When you’re writing a deserializer and your file size is too big, the standard advice is to switch the deserializer into a “streaming” mode – the deserializer will tell you things like:

… but this is significantly less ergonomic than being able to load the object into memory and then just access struct fields directly, especially once there’s several layers of nesting involved! One approach to handling a setup like this is to roll-your-own state machine, but I personally find complex state machines difficult to write and think about.

The data file in question has one top level <releases> tag, which contains something like 16 million <release> tags, each of which contains metadata, and a bundle of <tracks>.

Something like this:

<releases>
  <release id="769" status="Accepted">
    <images>...</images>
    <artists>
     <artist>
       <id>194</id>
       <name>Various</name>
       <anv/>
       <join/>
       <role/>
       <tracks/>
     </artist>
    </artists>
    <title>Hi-Fidelity House Imprint One</title>
    ...
  </release>
  ... 18 million times
</releases>

Each release is probably only a few kB in size (74 GB / 16 million releases); so the problematic part is the huge number of <release> entities. Maybe we can stream the <release>s, and then use a deserialization framework on the individual records that they’re more convenient to work with?
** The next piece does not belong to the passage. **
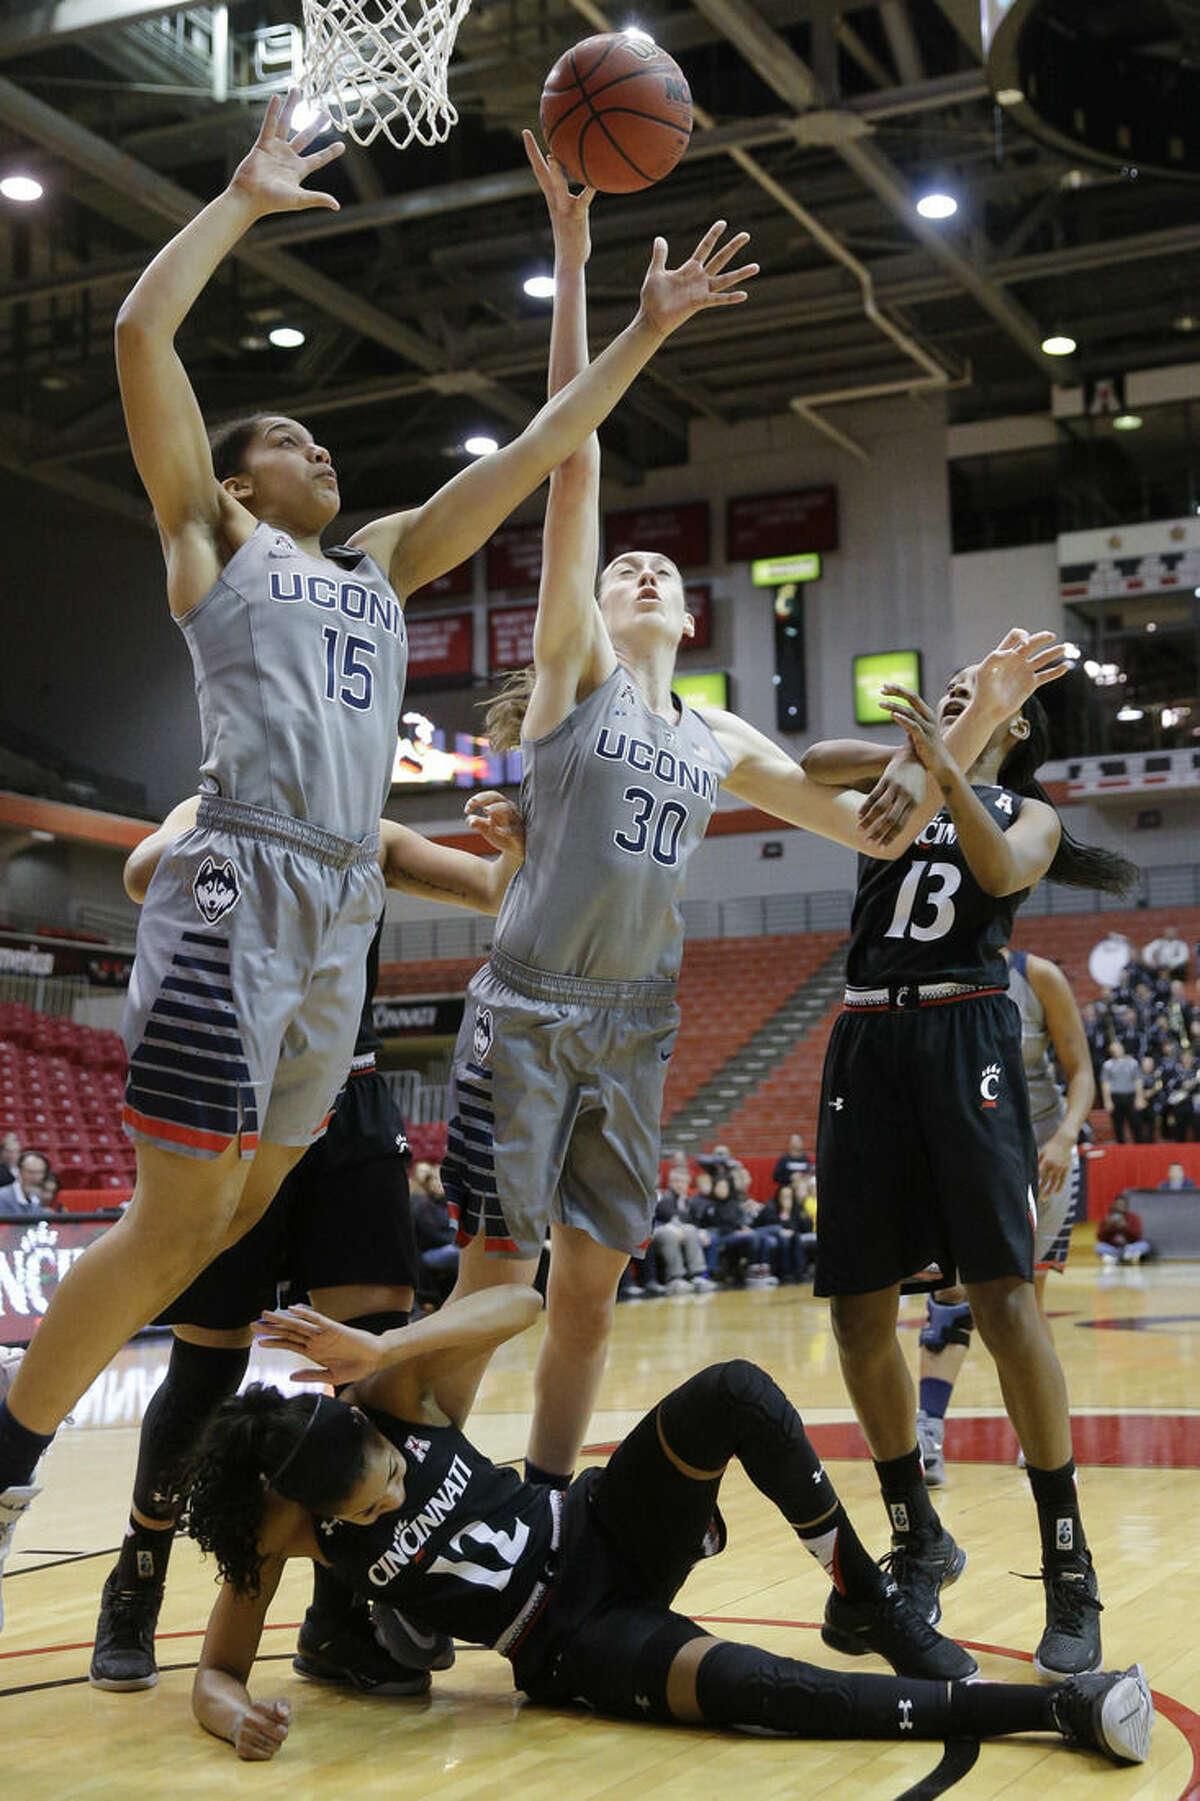 Connecticut's Breanna Stewart (30) and Gabby Williams (15) reach for a rebound over Cincinnati's Alyesha Lovett (12) during the first half of an NCAA college basketball game, Wednesday, Dec. 30, 2015, in Cincinnati. (AP Photo/John Minchillo)

I ended up implementing a hybrid approach like this after googling around for a while and finding nothing. I’m documenting it here in the hope that it’s useful to you, dear Reader, for your esoteric large XML parsing tasks.

First attempt: try it in Python

Initially, I wrote this in Python. Python’s great for quick-and-dirty data parsing: I think it took around 20 minutes to write this code.

import argparse
import gzip

import bs4
from lxml import etree

def process_release(release):
    # parse into something nice
    soup = bs4.BeautifulSoup(
        etree.tostring(release),
        features='lxml-xml',
    )
    return todo_arbitrary_business_logic(soup)

def main():
    # get filename from command line
    argparser = argparse.ArgumentParser()
    argparser.add_argument("--file")
    args = argparser.parse_args()
    filepath = args.file

    # stream the compressed file so we don't have to unpack it
    f = gzip.open(filepath)
    # iterate through 'release' tags
    context = etree.iterparse(f, tag=('release',))
    for _action, element in context:
        results = process_release(element)
        todo_collate_results(results)
        # release memory
        element.clear()

if __name__ == "__main__":
    main()

Unfortunately – Python’s also slow. I was watching the process in the activity monitor, and keeping an eye on how much data it had read from disk to get a sense for progress – and after around an hour it had processed around 10% of the file. I was 99% sure that the code wouldn’t be correct immediately, and didn’t want to have a ten hour iteration time, so something needed to change. Maybe I should unzip the file ahead of time, i.e. maybe the unzipping is the slow bit? That doesn’t sound right; the gzip code looks like it calls into native code1.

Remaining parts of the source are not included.